'''
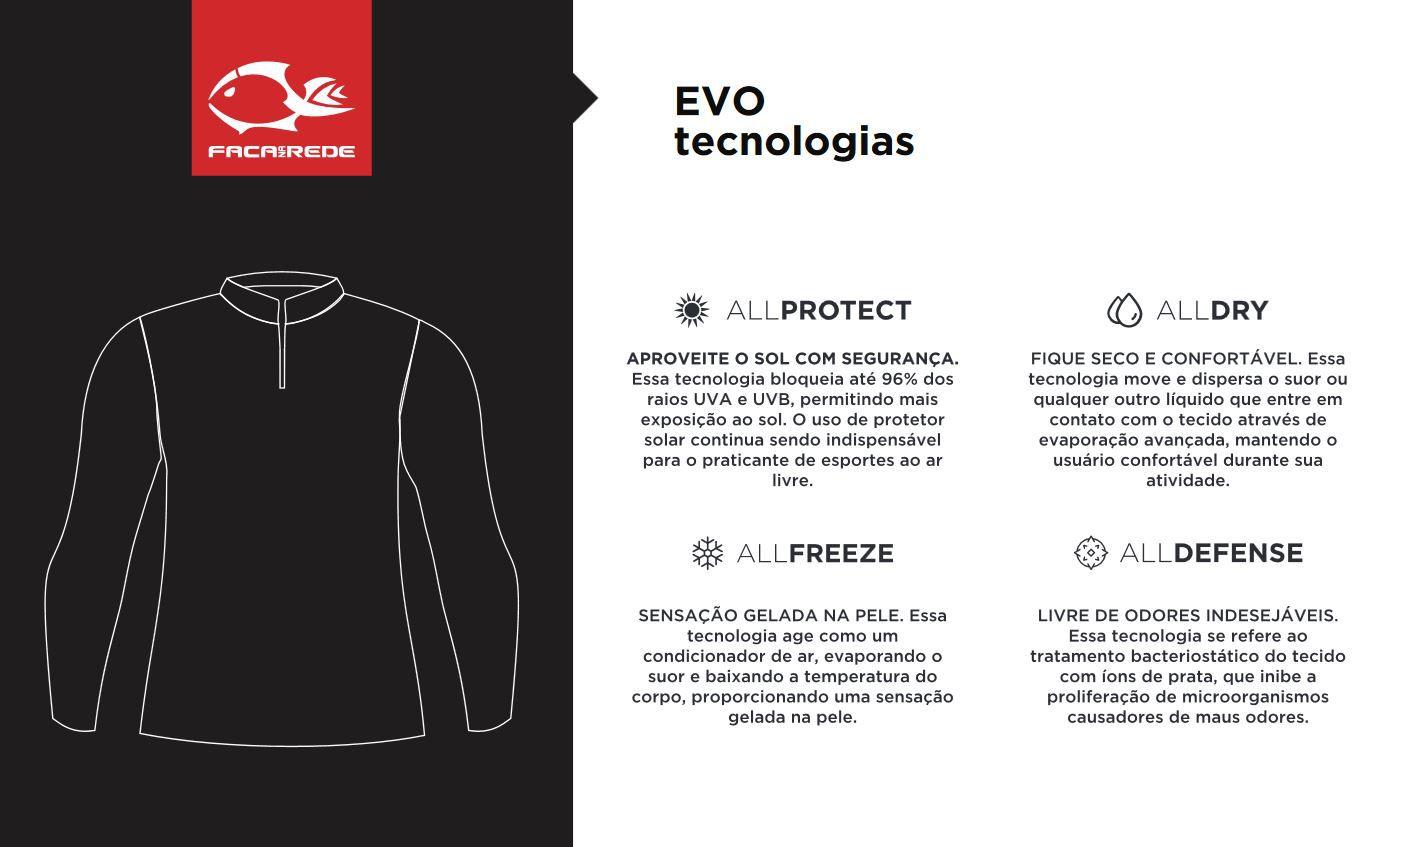 Camiseta de Pesca Feminina Faca na Rede EVO Girl + Bandana TB19  - Life Pesca - Sua loja de Pesca, Camping e Lazer
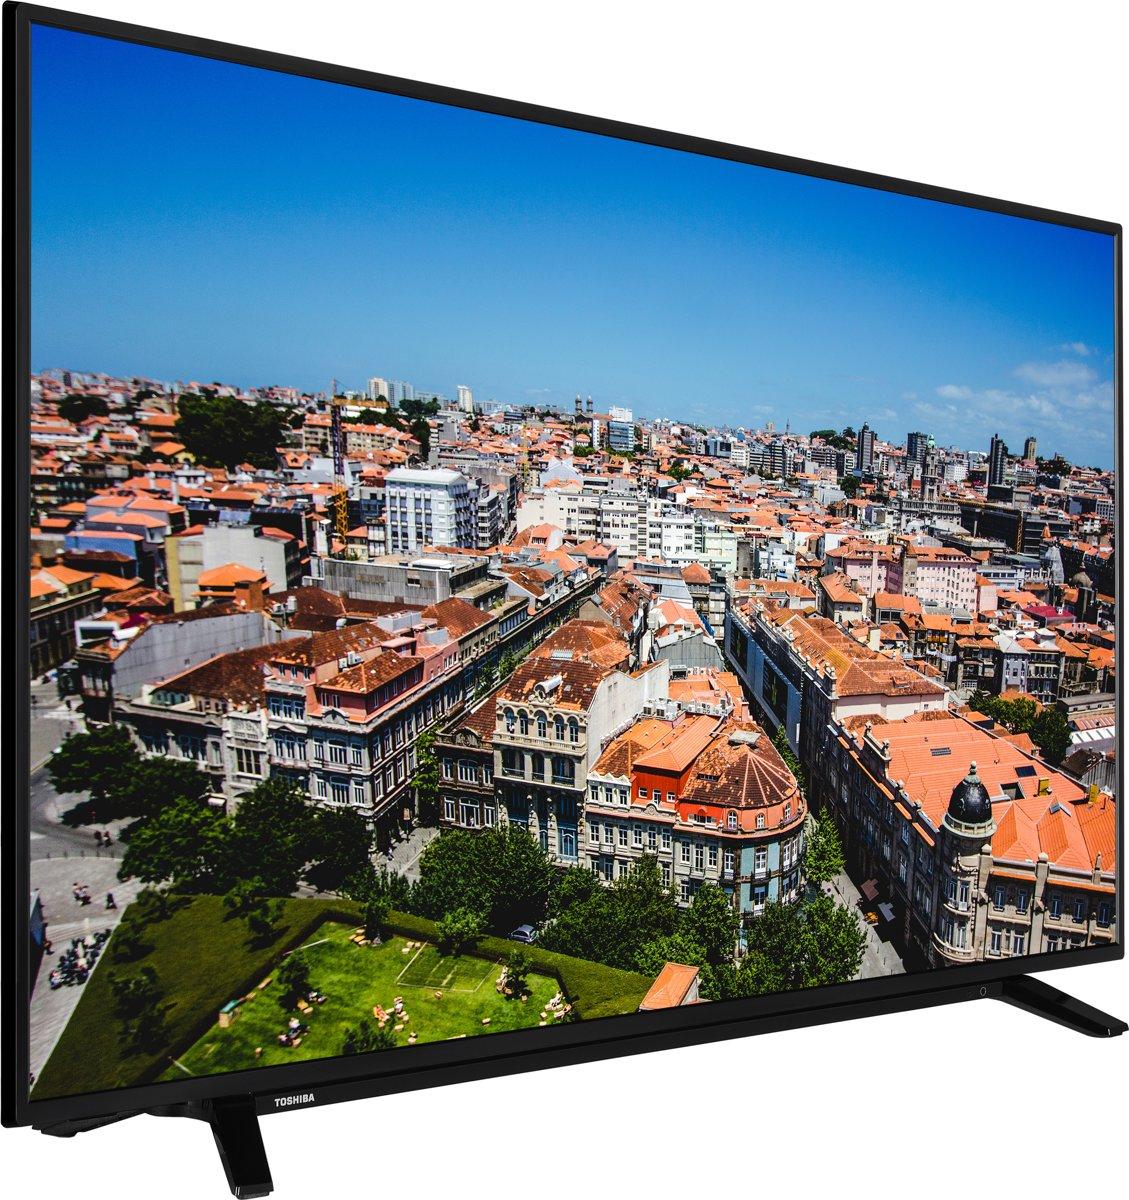 "(Black Friday) Toshiba 4K Ultra HD wifi smart tv 55""@Dirk"
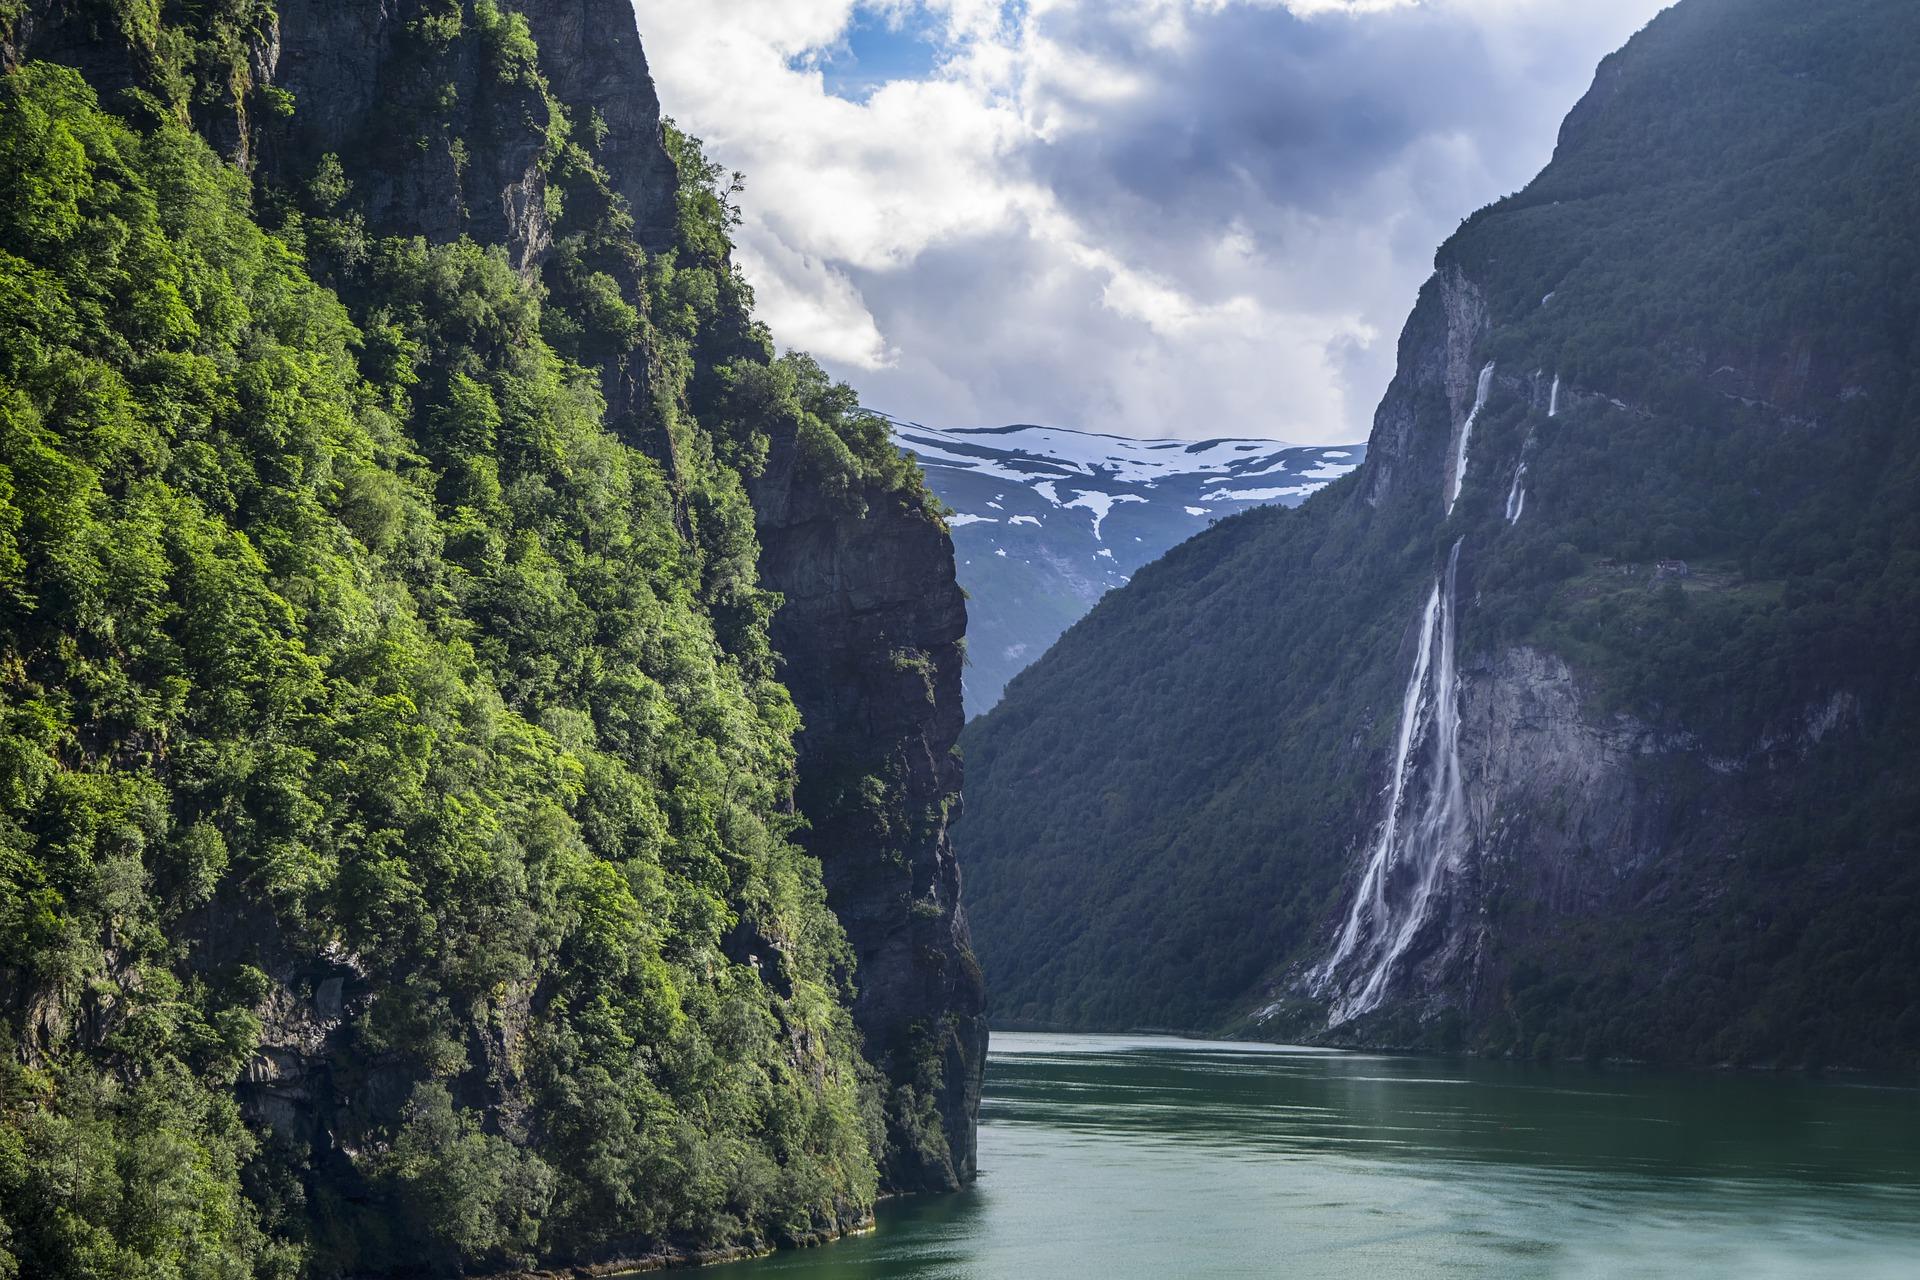 waterfall-5838582_1920.jpg
'''
Write out every line above again exactly, with the pictures left out.

• _Result of the exercise_:
 Camiseta de Pesca Feminina Faca na Rede EVO Girl + Bandana TB19  - Life Pesca - Sua loja de Pesca, Camping e Lazer
 "(Black Friday) Toshiba 4K Ultra HD wifi smart tv 55""@Dirk"
 waterfall-5838582_1920.jpg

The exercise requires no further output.